Being in a relationship with a man who’s not arrogant and self-absorbed is nice, but dating someone who’s insecure about who they are could be a waste of your time. If he can’t love himself, how’s he ever going to love you?
He crumbles at any sign of rejection. He can’t handle it. Whether it comes from you, his co-workers, his parents, whoever—he just can’t cope with anything less than 100% approval and that’s because he’s insecure about who he is. Instead of taking criticism as a way to improve himself, he gets defensive and takes it as an attack on his character.
Everything he says comes in question form. It’s not because he’s ignorant, it’s because he’s unsure of his own words. He doesn’t say he wants to ask dinner, he asks you if you’re ready to eat. There’s a difference between a guy who wants to please his partner and one who has no idea what he wants (even when it’s something as simple as food).
He constantly tries to suppress his jealousy. Maybe someone’s flirting with you, maybe you casually mention your ex, or maybe you do nothing at all. It doesn’t really matter—what matters is he gets jealous about it. The issue is that he doesn’t straight up tell you he’s jealous, he hints at in a passive-aggressive way that makes you question your own actions.
He makes BIG mistakes. There’s a chance he has a lot of anxiety. He might feel the need to escape from who he is, which could lead to him making reckless decisions and the more reckless decisions he makes, the worst he feels about himself. It’s a never-ending cycle.

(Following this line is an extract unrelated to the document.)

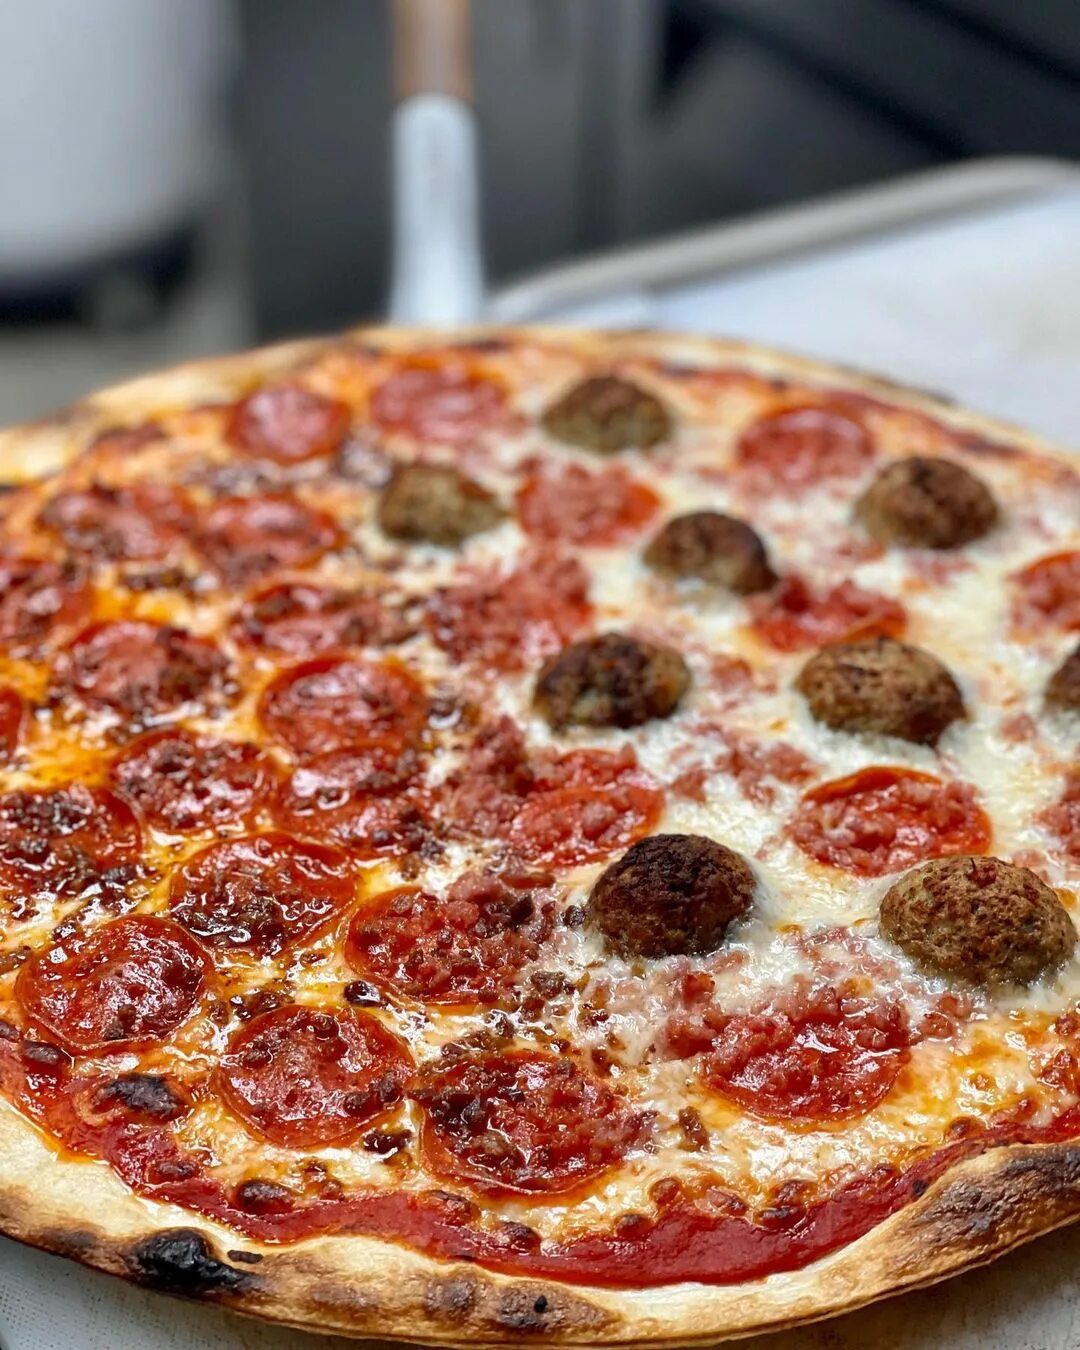 сколько калорий в куске пиццы пепперони из додо фото 110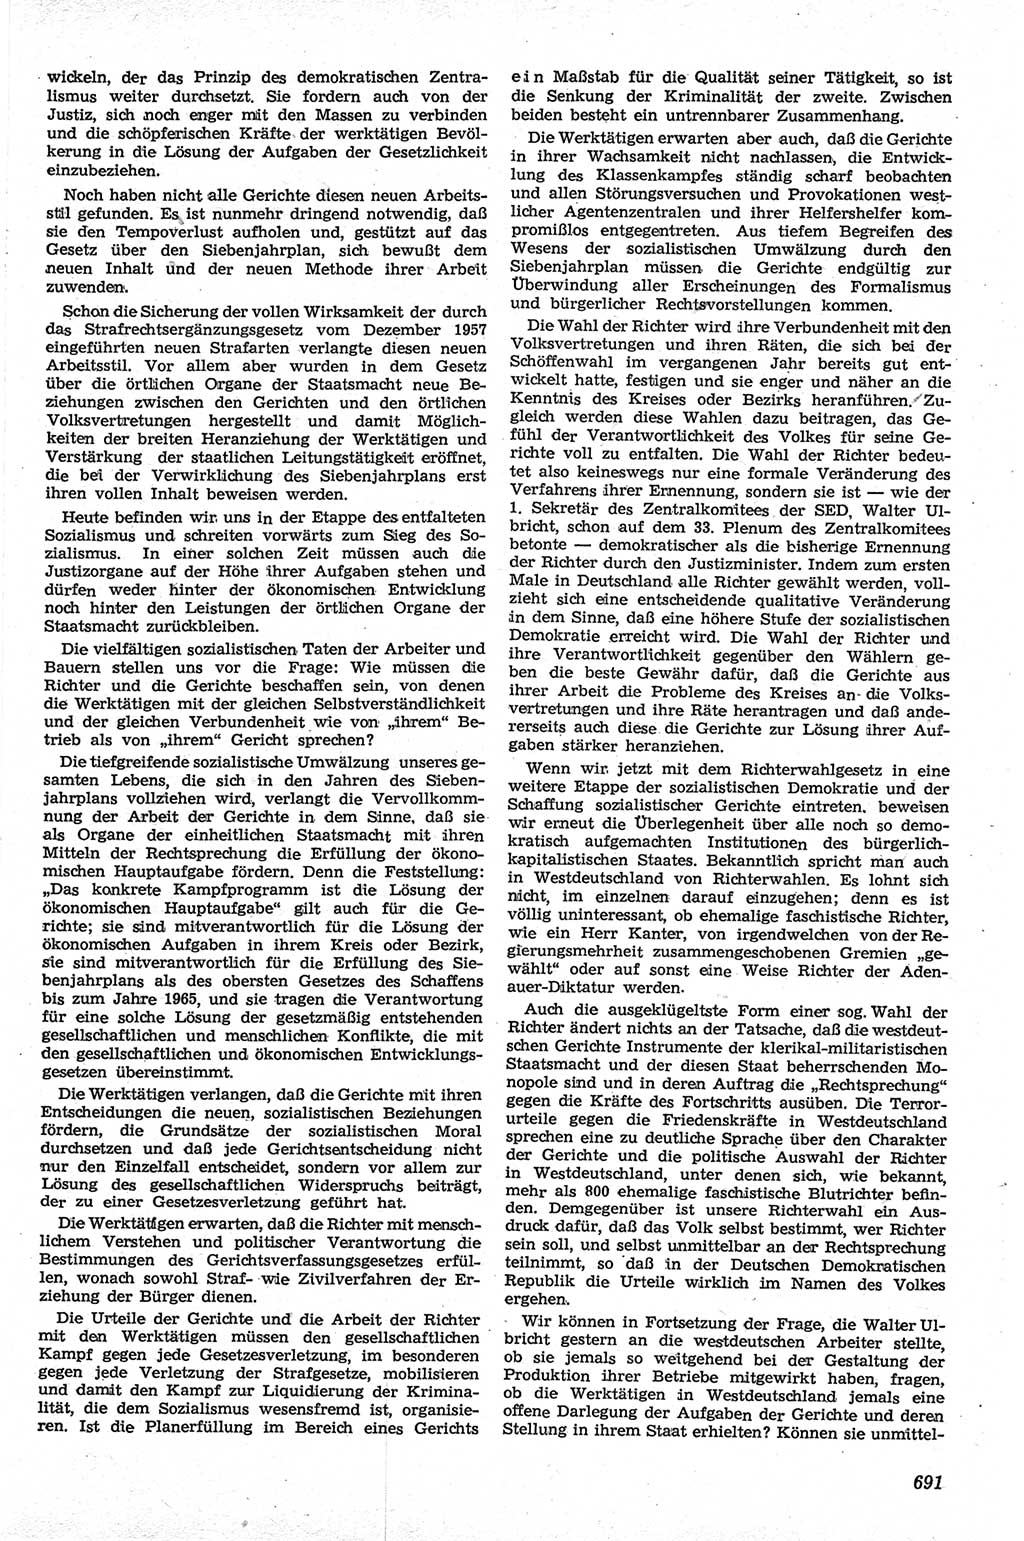 Neue Justiz (NJ), Zeitschrift für Recht und Rechtswissenschaft [Deutsche Demokratische Republik (DDR)], 13. Jahrgang 1959, Seite 691 (NJ DDR 1959, S. 691)

He cares a little too much about his looks. If he’s really focused on his looks, that could be a sign he doesn’t really love himself. He wants people to pay attention to what’s on the outside of him but not because he’s shallow—he’s just not comfortable with his personality and he wants to deter people from seeing who he really is on the inside.
He doesn’t spend money on himself. Or maybe it’s the exact opposite. He doesn’t put a lot of effort into the way he looks. Instead of spending money on new clothes or waking up a little earlier than usual to fix his hair, he rolls out of bed and leaves his house without even looking in the mirror. It’s because he thinks so low of himself that he doesn’t even try to look presentable.
He’s always trying to prove something. Sure, he has the drive and he’s constantly pushing himself to be better but it’s not because he believes in growth, it’s because he wants to prove something to everyone. He wants you to know he’s not a loser, he wants his parents to know he’s important, and he wants to think he has a purpose. He’s trying to create a life that will make him feel worth something.
He’s constantly apologizing. Even for things he has no business apologizing for! It’s one thing if he accidentally hurts your feelings but if he follows pretty much every sentence with an “I’m sorry,” that’s a clear sign he doesn’t feel good about himself. Apologizing is a habit of his and it’s because he truly thinks everything he does is wrong.
He struggles to get emotionally naked. He has no problem getting naked and having sex with you, but being emotionally vulnerable? That’s not really an option for him. You can tell how little he loves himself by how little he’s willing to share with you. If he was comfortable with who he was, he’d want to share his thoughts and feelings with you. Sure, it might be hard, but he’d try.
He expects too much from you. He doesn’t just expect you to be his girlfriend, he expects you to be his everything—his best friend, his therapist, his mother, etc. Someone who doesn’t love themselves isn’t necessarily looking for a significant other, they’re looking for somewhat of a cheerleader—someone who can take care of them, throw compliments their way, and always be on their side. Does that sound like the guy you’re dating?
He constantly puts himself down. You might think it’s sweet when he says something like, “I can’t believe you’re with someone like me.” Don’t get me wrong, I’m sure it’s meant as a compliment, but if he’s constantly saying self-deprecating things like that, it’s a clear sign he doesn’t love himself so there’s no way he could truly love you.